### PROBLEM
Transcribe all data verbatim. Skip the pictures.

### DATA EXCERPT
★ ★ ★
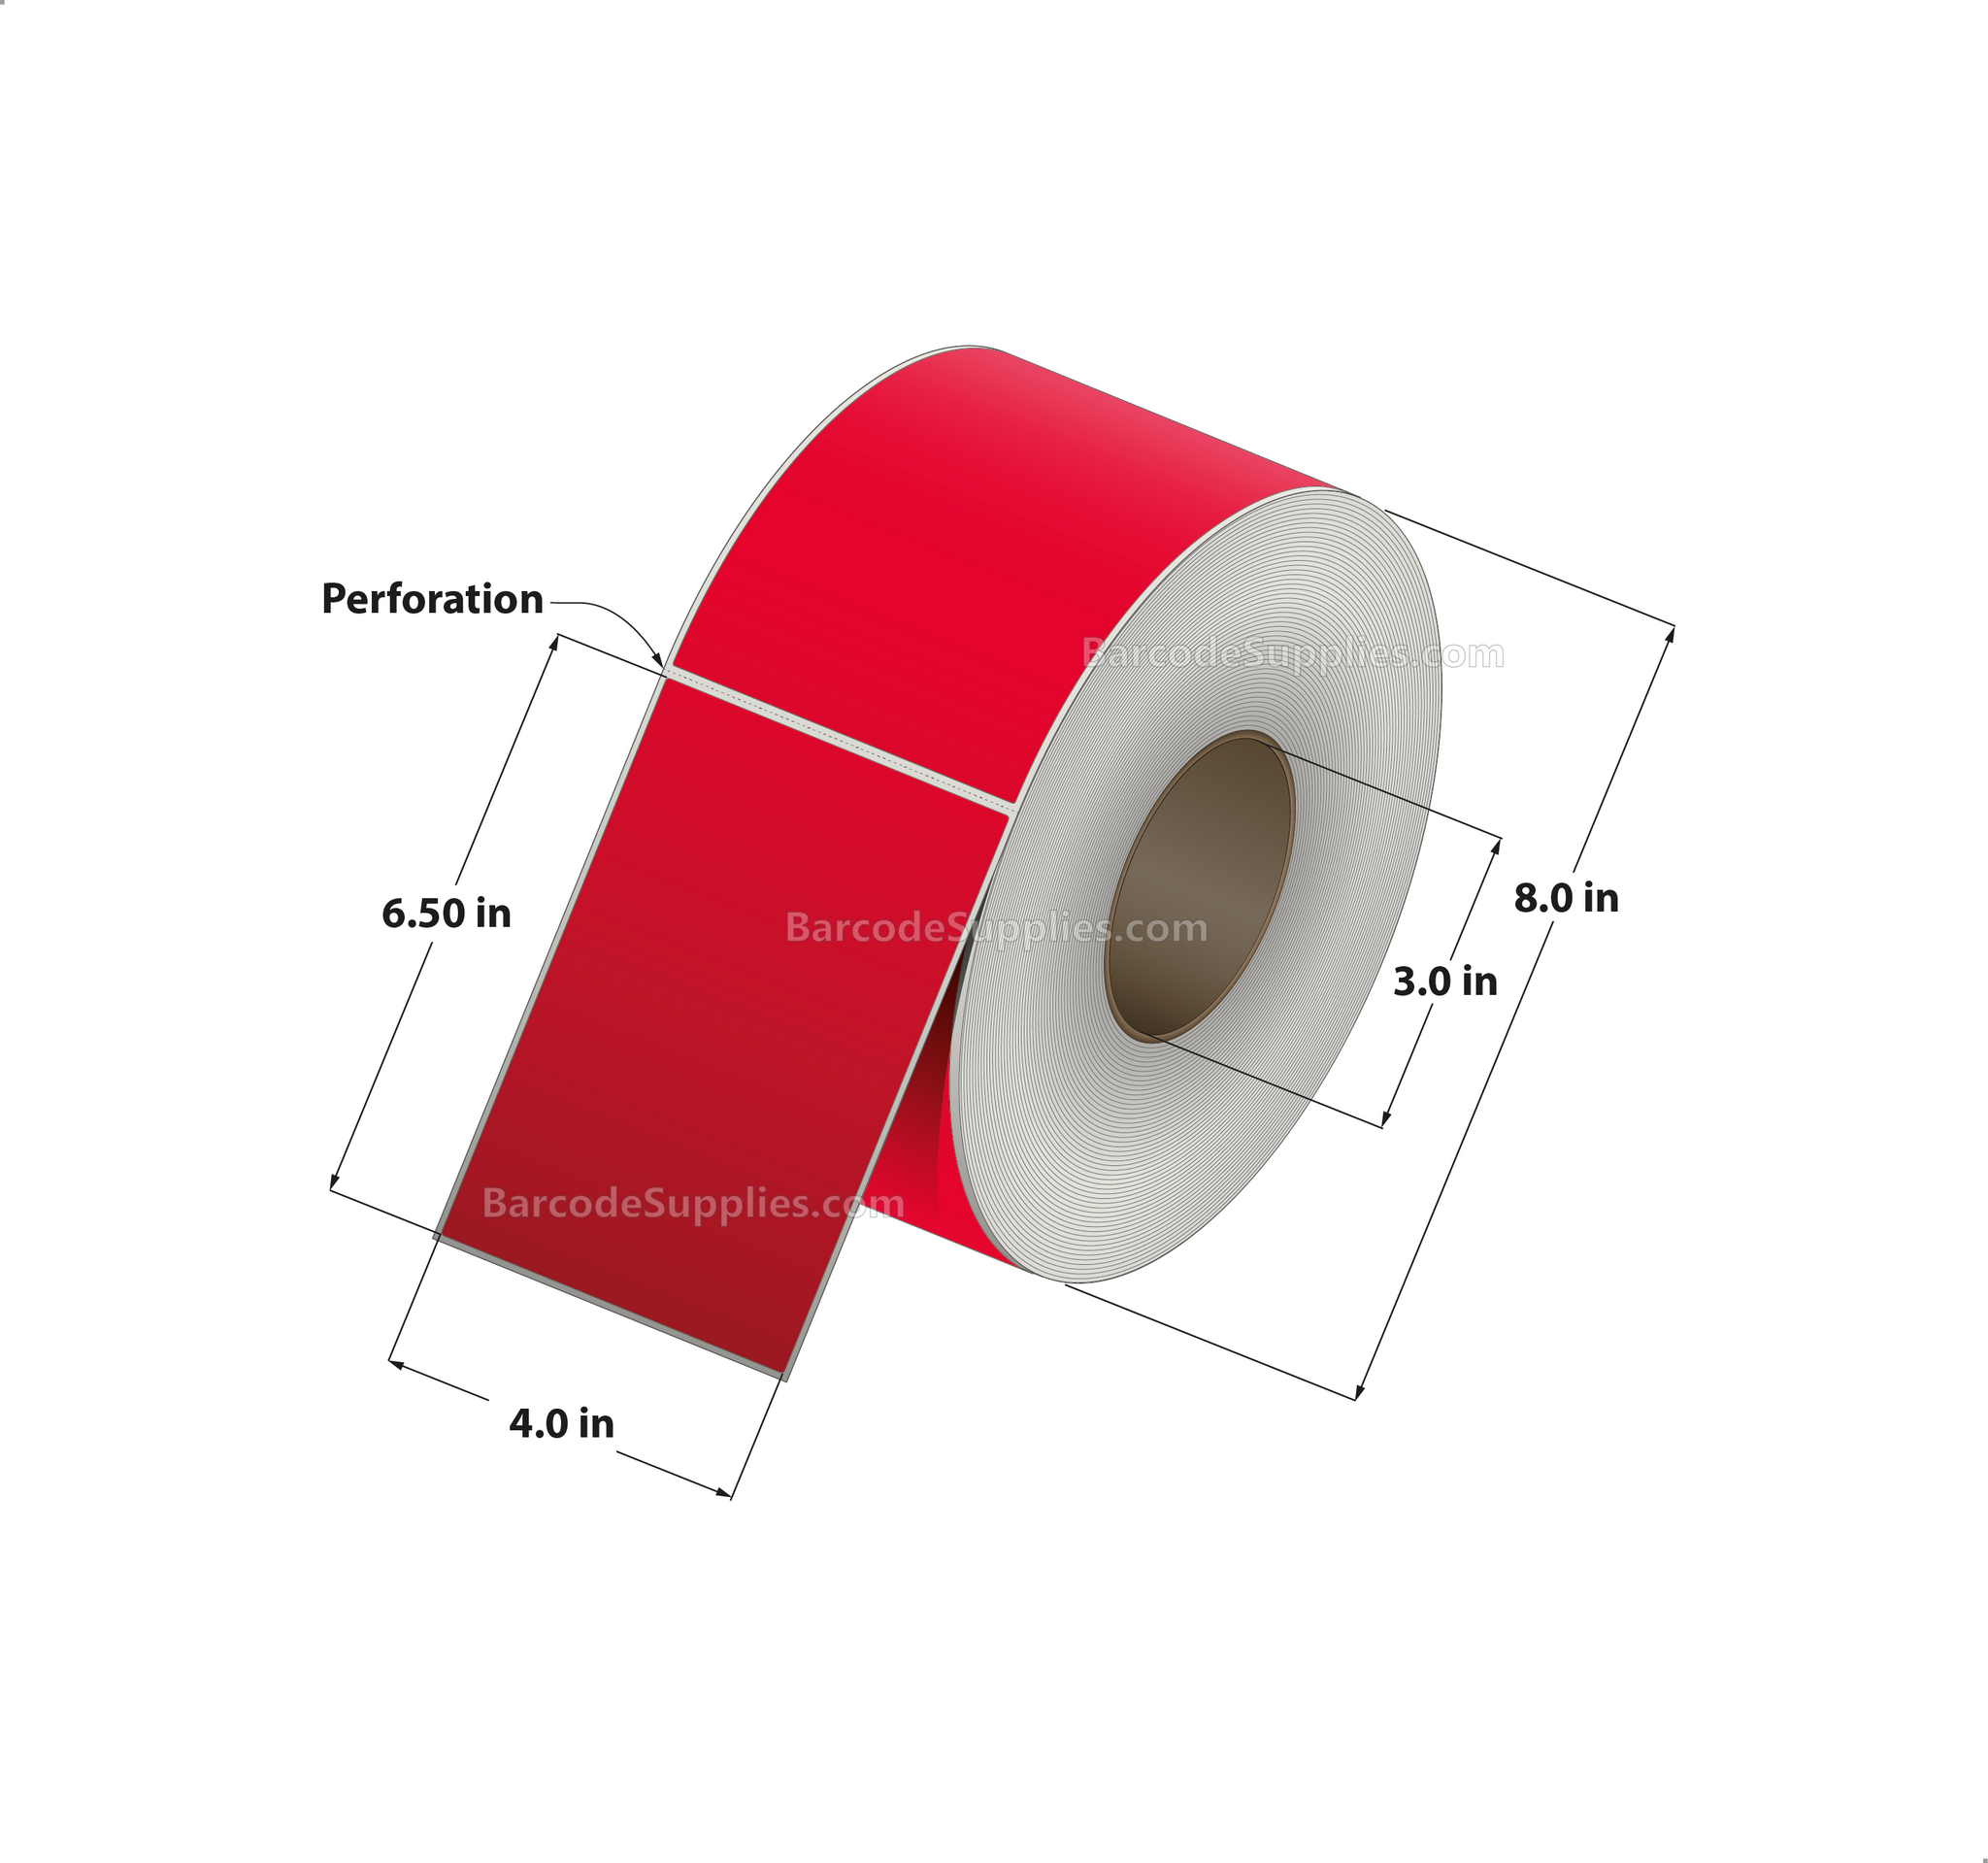 4 x 6.5 Thermal Transfer 032 Red Labels With Permanent Adhesive - Perforated - 900 Labels Per Roll - Carton Of 4 Rolls - 3600 Labels Total - MPN: RFC-4-65-900-RD
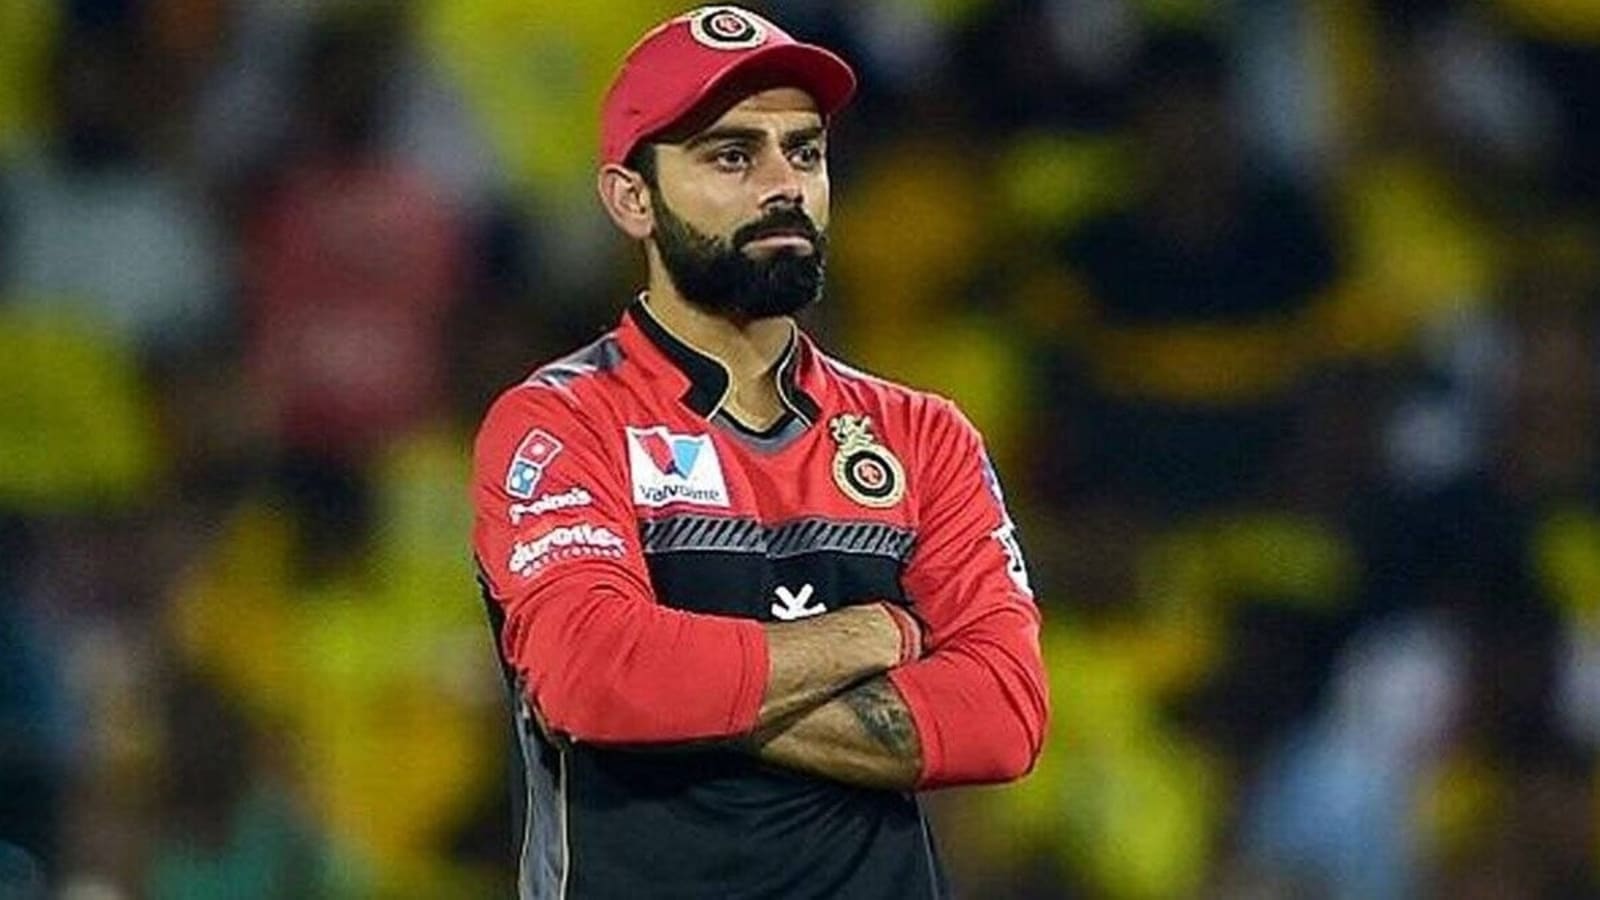 It was Kohli's chance to win IPL as captain. Bowling one bad over ...
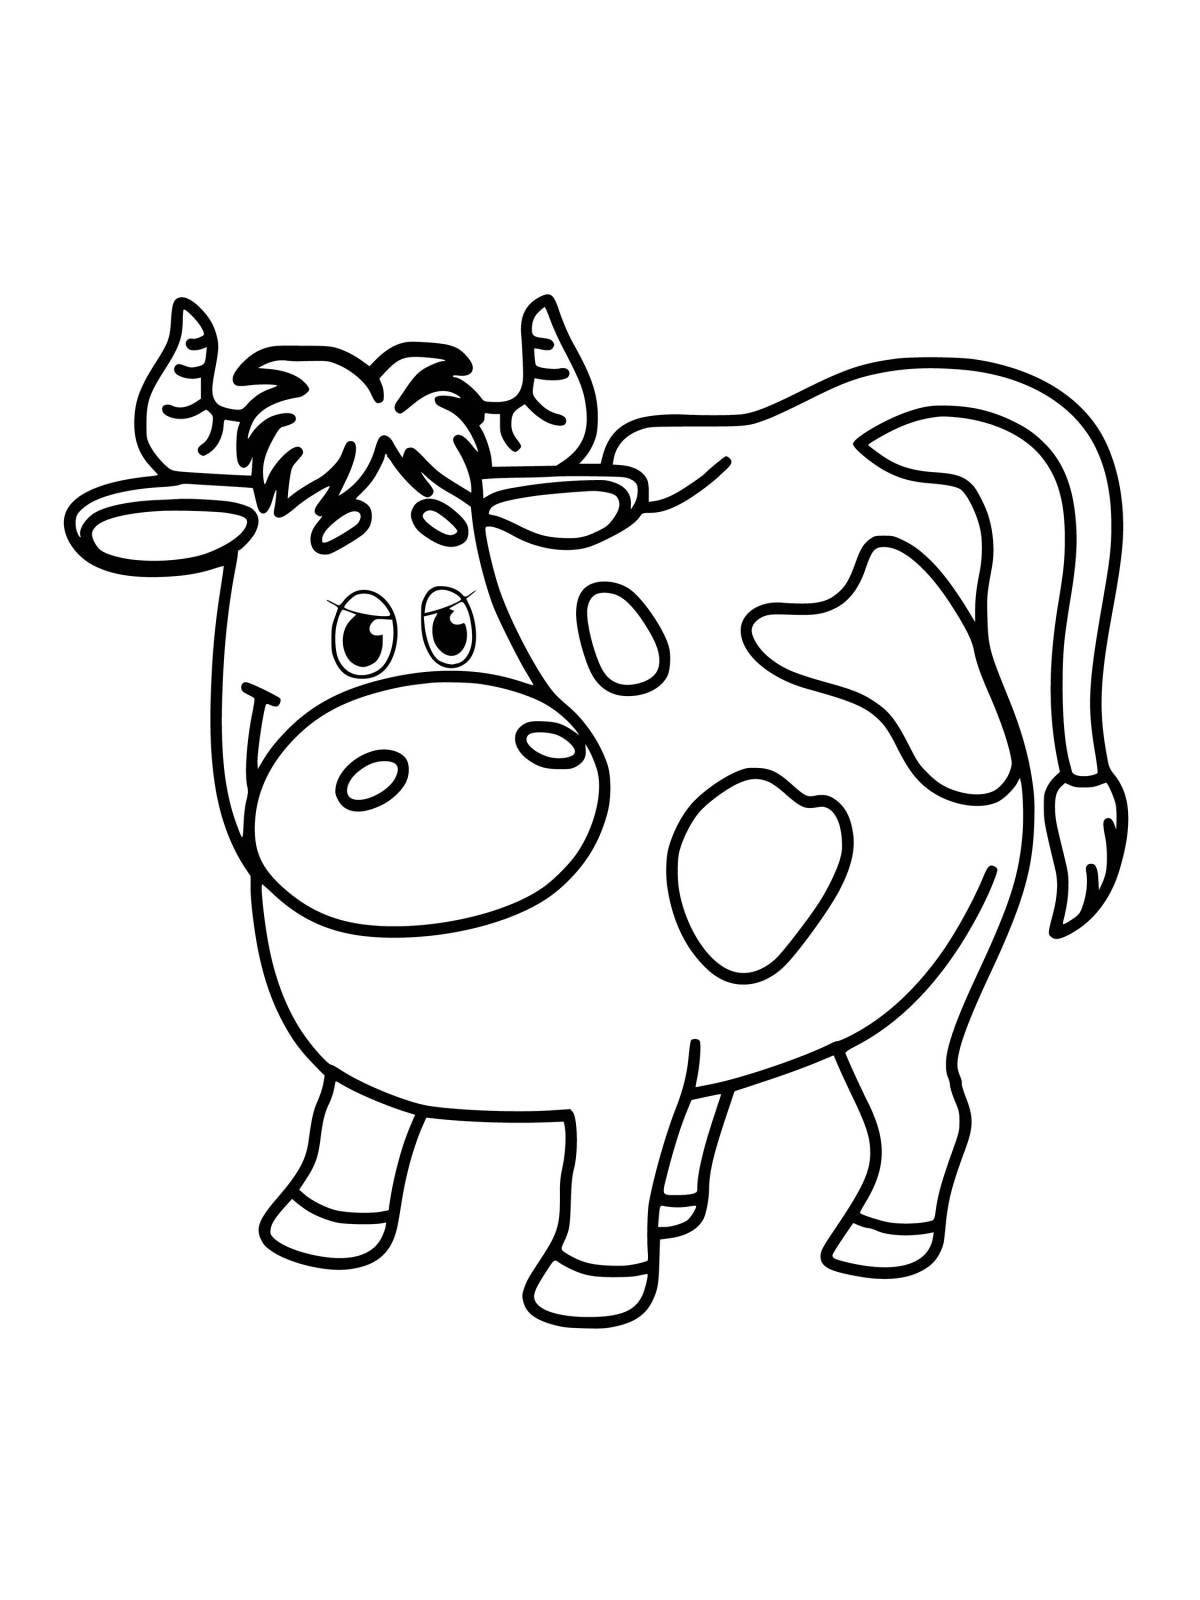 Creative coloring cow for toddlers 2 3 years old
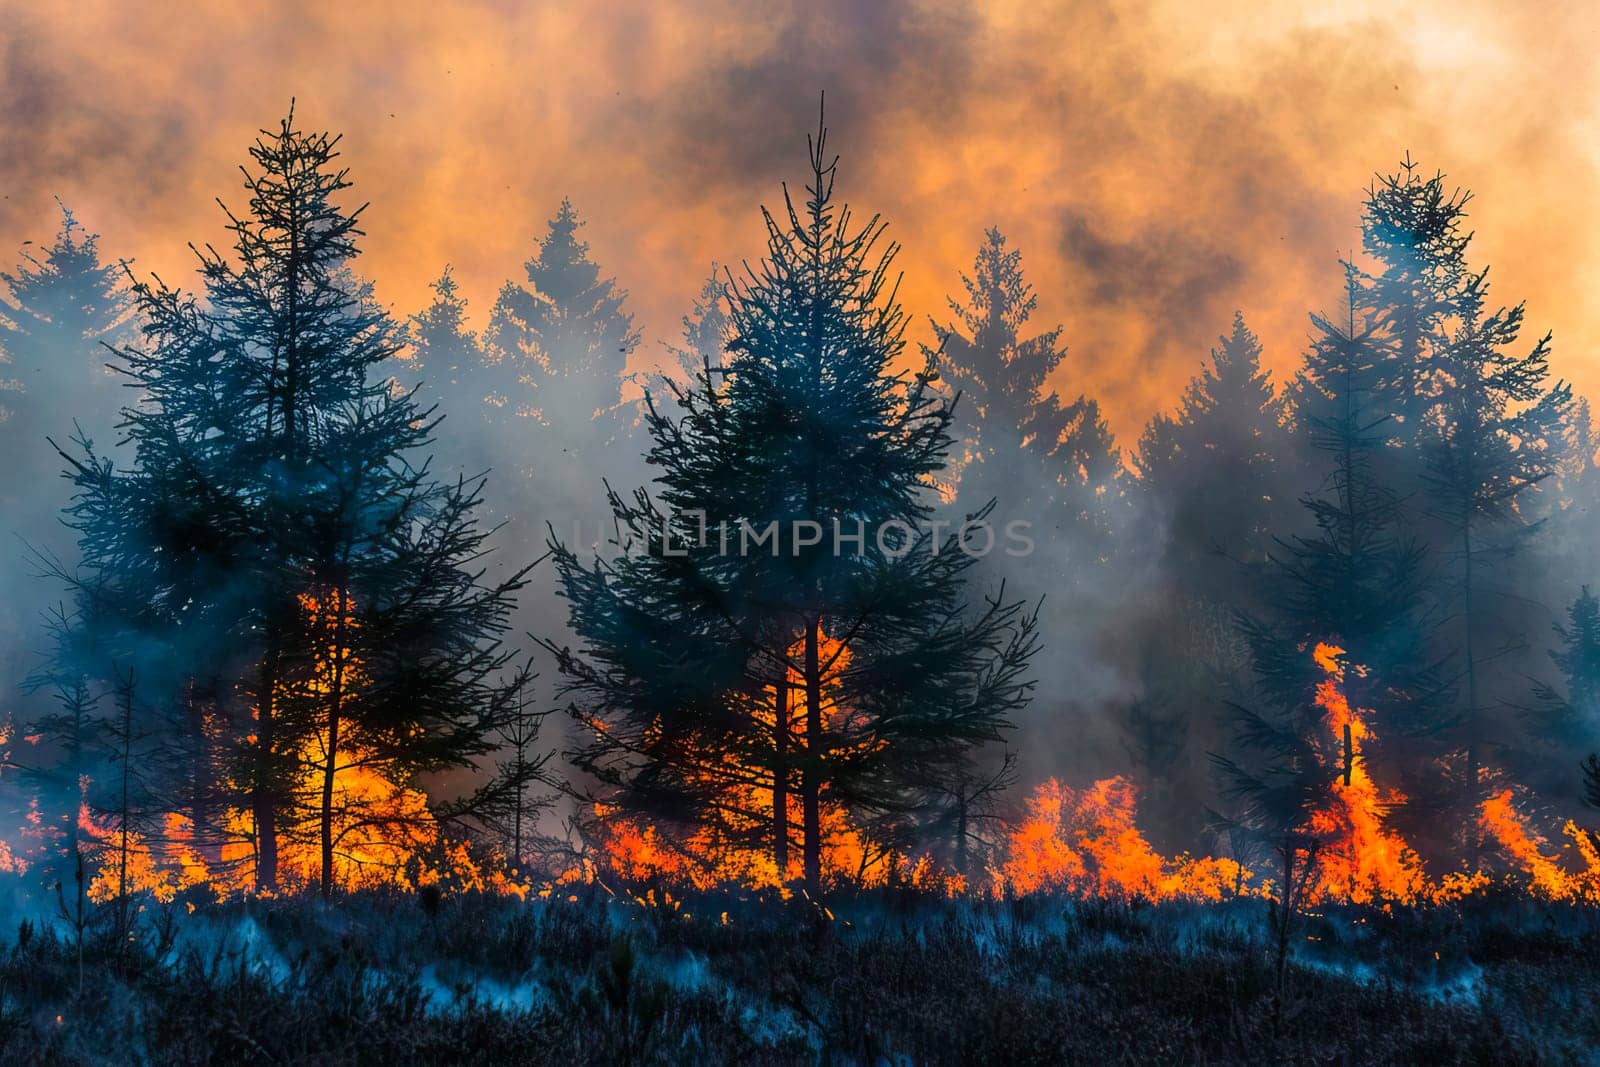 A forest with numerous trees burning intensely, smoke covering the sky.
★ ★ ★
### RESPONSE TO THE EXERCISE
 4 x 6.5 Thermal Transfer 032 Red Labels With Permanent Adhesive - Perforated - 900 Labels Per Roll - Carton Of 4 Rolls - 3600 Labels Total - MPN: RFC-4-65-900-RD
 It was Kohli's chance to win IPL as captain. Bowling one bad over ...
 Creative coloring cow for toddlers 2 3 years old
 A forest with numerous trees burning intensely, smoke covering the sky.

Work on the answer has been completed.